In a second SERAPHIN substudy that evaluated 187 of the 742 participants with right heart catheterization, sustained improvements from baseline in pulmonary vascular resistance (PVR) and cardiac index (CI) (both P<0.0001) were achieved with either dose of macitentan over a period in which both hemodynamic measures declined on placebo (Tobicki et al. ESC 2013 Abstract 1062). Attention to favorable changes in hemodynamics as they relate to risk of structural changes in the heart and lungs is consistent with efforts to better understand the relative ability of PAH therapies to prevent PAH progression.

Phase III Tadaladil Program Measures Events

New data presented from the Phase III study program with the PDE-5 inhibitor tadalafil also focused on events in long-term follow-up (Galiè et al. ESC 2013 Abstract 338). While the initial randomized, placebo-controlled PHIRST trial employed change in the traditional 6MWT over 16 weeks to evaluate benefit, PHIRST-2 has been designed as an open-label follow-up to gather data on safety and long-term protection against events. The events evaluated included death, lung transplantation, atrial septostomy, hospitalization for PAH, or worsening requiring new PAH therapy.

Of the 286 enrolled in the study, 217 (76%) were available for evaluation after a mean of 818 days of exposure (62% of patients initiated tadalafil in PHIRST-2 on concomitant bosentan), according to Dr. Galiè, who also presented these data. The observed probability of having no event was 80%, 64%, and 56% at 1 year, 2 years, and 3 years, respectively. Most events over the course of follow-up involved need for new PAH therapy, but death accounted for 14% of cases of deterioration. Dr. Galiè characterized the survival probability of 73% at 4 years as consistent with other active therapies.

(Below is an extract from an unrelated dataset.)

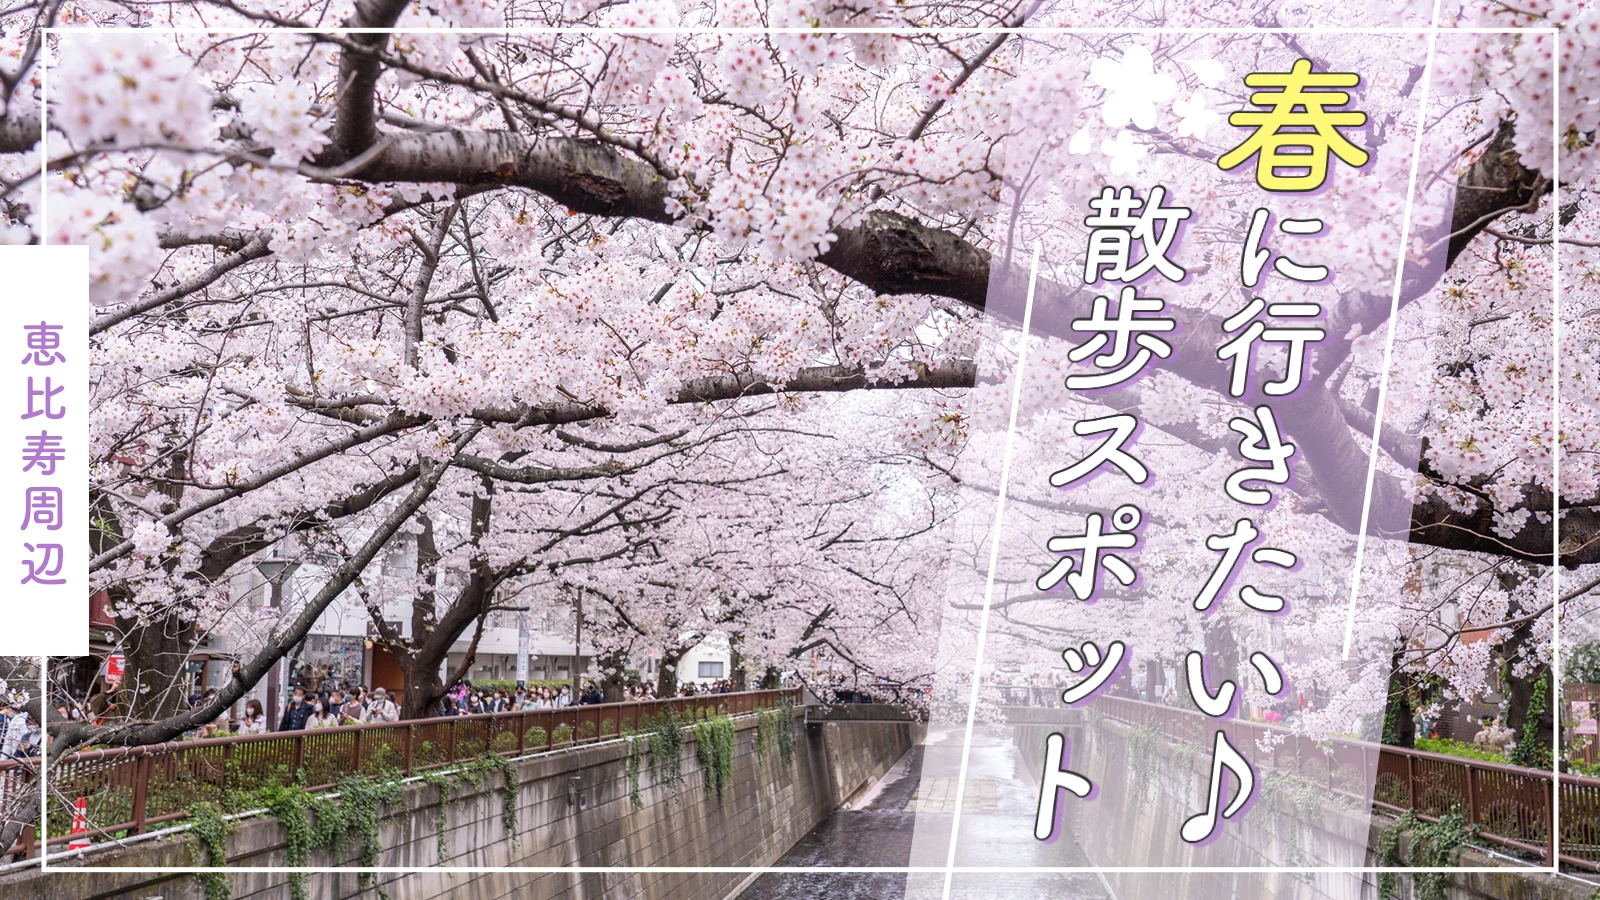 【恵比寿周辺】春はお散歩♪ おでかけスポット5選

In an on-going Phase III study of subcutaneous (SC) treprostinil for inoperable CTEPH, the primary outcome is the traditional 6MWD rather than events, but this end point is being measured at 6 months rather than 12 or 16 weeks of follow-up once standard in Phase III trials, and secondary end points include events as well as physiological stabilization as captured with hemodynamic measures (Sadushi-Kolici et al. ESC 2013 Abstract 1065).  In the interim analysis presented at ESC on 54 of the 92 enrolled patients enrolled in the study, the activity of the 30 ng/kg/min target dose was encouraging, providing both a sustained increase in 6MWD at 6 months an increase in PVR. In the control arm, 6MWD was largely unchanged while PVR deteriorated from baseline.

Conclusion

Four years after a consensus recommendation to test treatments for their ability to prevent PAH-related events rather than merely control symptoms, the first such trials are now being completed. These trials have the potential to provide a better understanding of the relative ability of therapeutic options to prevent disease progression, an important goal in an irreversible disease process. Of such studies presented at the 2013 ESC, data were presented from a head-to-head trial comparing two approved therapies, a Phase III placebo-controlled trial with an experimental ERA, and a Phase III placebo-controlled trial with a PDE-5 inhibitor.